If these records over time is not enriched, you may consider archiving them, to avoid wasting time and money on them.
Finally, there is the records with INVALID data, these requires a closer look.

Some of the invalid data can be corrected manually, but there may also be really BAD data in between. Data which you also should consider archiving, or at least flag as records to be excluded from your business processes.
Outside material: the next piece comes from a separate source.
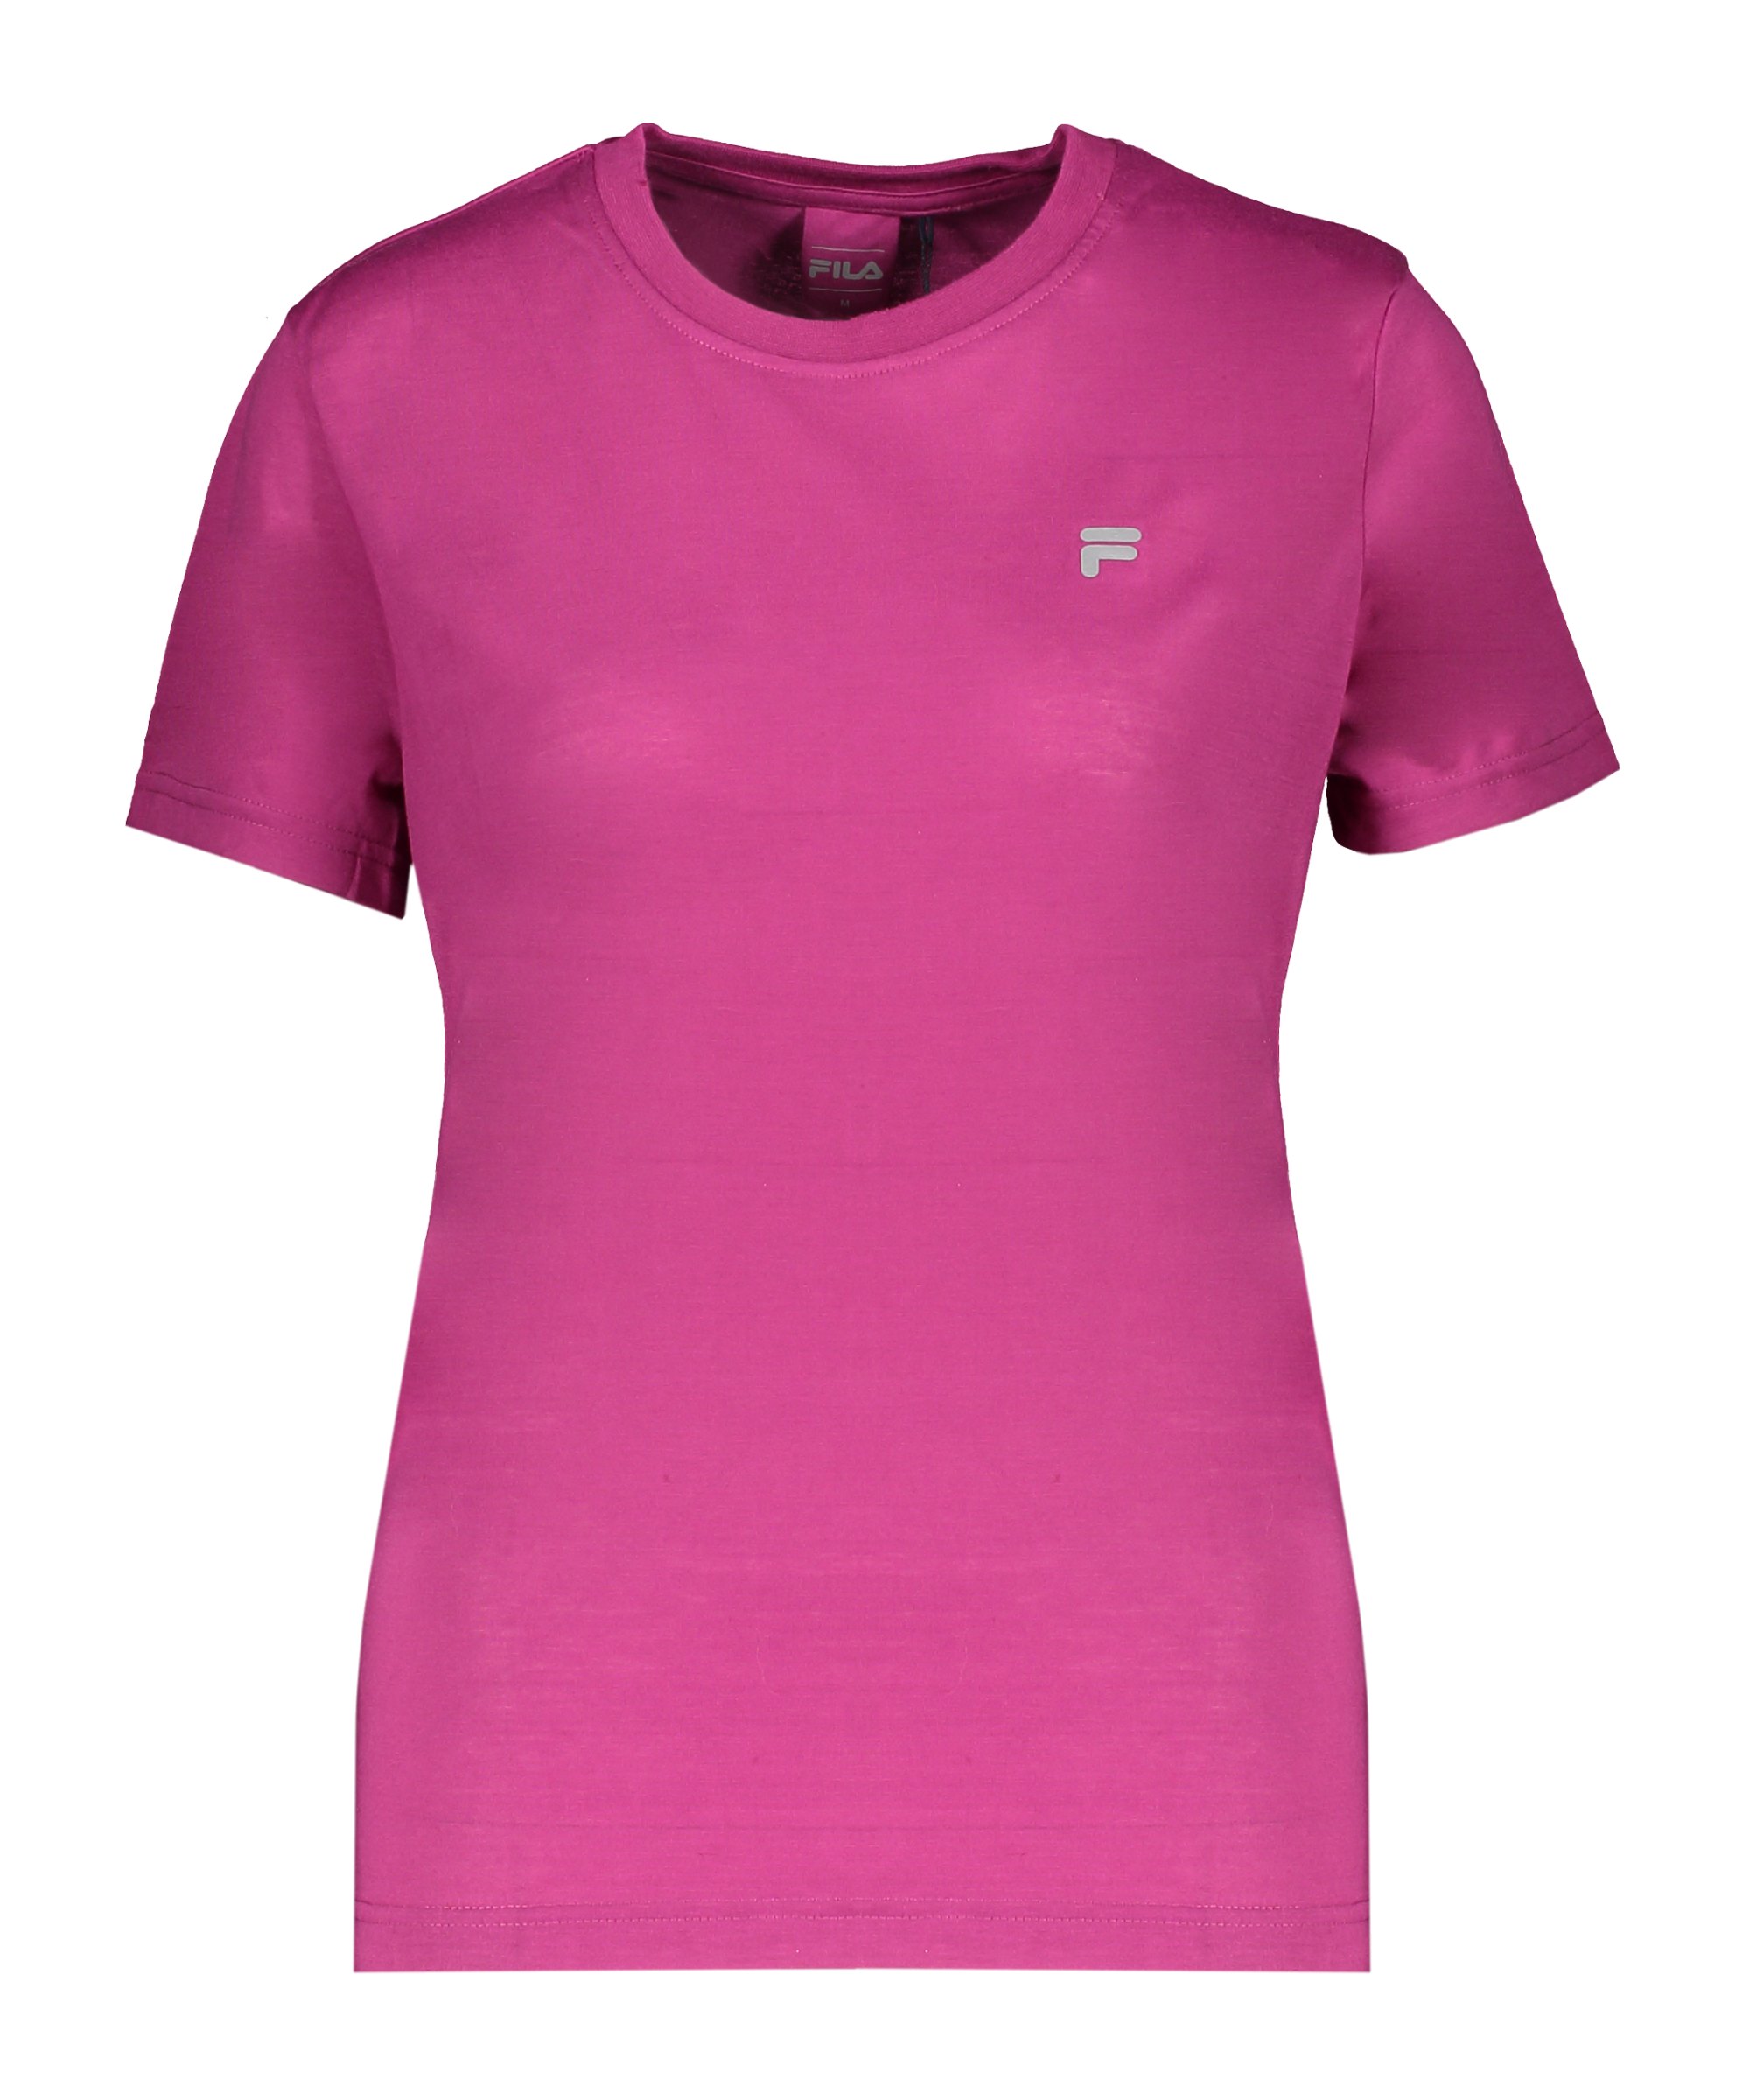 FILA Rabaraba T-Shirt Damen Pink F40020 - pink

Status	City	Postalcode	State	Country	Outcome
Dirty	Petah Tikva	4951033		Israel	Invalid Postalcode
Dirty	Lyngby	2800 KGS.		Denmark	Invalid Postalcode
Dirty	Australian National University	20	ACT	Australia	Invalid Postalcode
Dirty	Espoo	2600	ES	Finland	Invalid Postalcode
Dirty	Edinburgh X0 Eh3	5DA	GA	United Kingdom	Invalid City
Dirty	Shchelkovo-4	141104		Russian Federation	Invalid City
Dirty	Azusa	91702	CA	Australia	Invalid Postalcode
Dirty	London	11111		United Kingdom	Invalid Postalcode
Dirty	Boudry	2017 BOUDRY	NE	Switzerland	Invalid Postalcode
Dirty	Dresden	1069		Germany	Invalid Postalcode
Dirty	Seattle	98104	WA	Italy	Invalid Country/State
Dirty	Azusa	91702	CA	Australia	Invalid Country/State
Dirty	Toronto	M5H 2M8	ON	United States	Invalid Country/State

Table: Examples of Invalid Address Values

Status	First Name	Last Name	Email	Outcome
Dirty	Sim0N	Anderson	sim0n.anderson@datatrimtest.com	Invalid Name
Dirty	Jan1Ne	Martin	jan1ne.martin@datatrimtest.com	Invalid Name
Dirty	Lark0R	Williams	lark0r.williams@datatrimtest.com	Invalid Name
Dirty	Taylor	Taylor	taylor.taylor@datatrimtest.com	Invalid Name
Dirty	Pierre-Jacques	Anderson	pierre-jacqus.anderson@datatrimtest.com.invalid	Invalid Email
Dirty	I’Tidal	Larsson	i’tidal.larsson@datatrimtest.com	Invalid Email

Table: Examples of Invalid Name and Email Values

Status	Phone	Country	Outcome
Dirty	132 2697 4258	United Kingdom	Invalid Phone
Dirty	+44 207 2356 1233	United Kingdom	Invalid Phone
Dirty	(236) 256 5555	Norway	Invalid Phone
Dirty	+39 (0) 236 256 5555	Italy	Invalid Phone
Dirty	+44 256 2369 1200	United Kingdom	Invalid Phone
Dirty	132 2697 0592	United Kingdom	Invalid Phone

Table: Examples of Invalid Phone Values

Before you start applying the outcome from the cleaning

During your review you might notice that there are repetitive corrections, and you may notice that the Data Laundry outputs values which you want to be different, e.g. we output United States and United Kingdom as country values, because these are the ISO standards, but you may have a preference for the abbreviated versions US, UK or even GB.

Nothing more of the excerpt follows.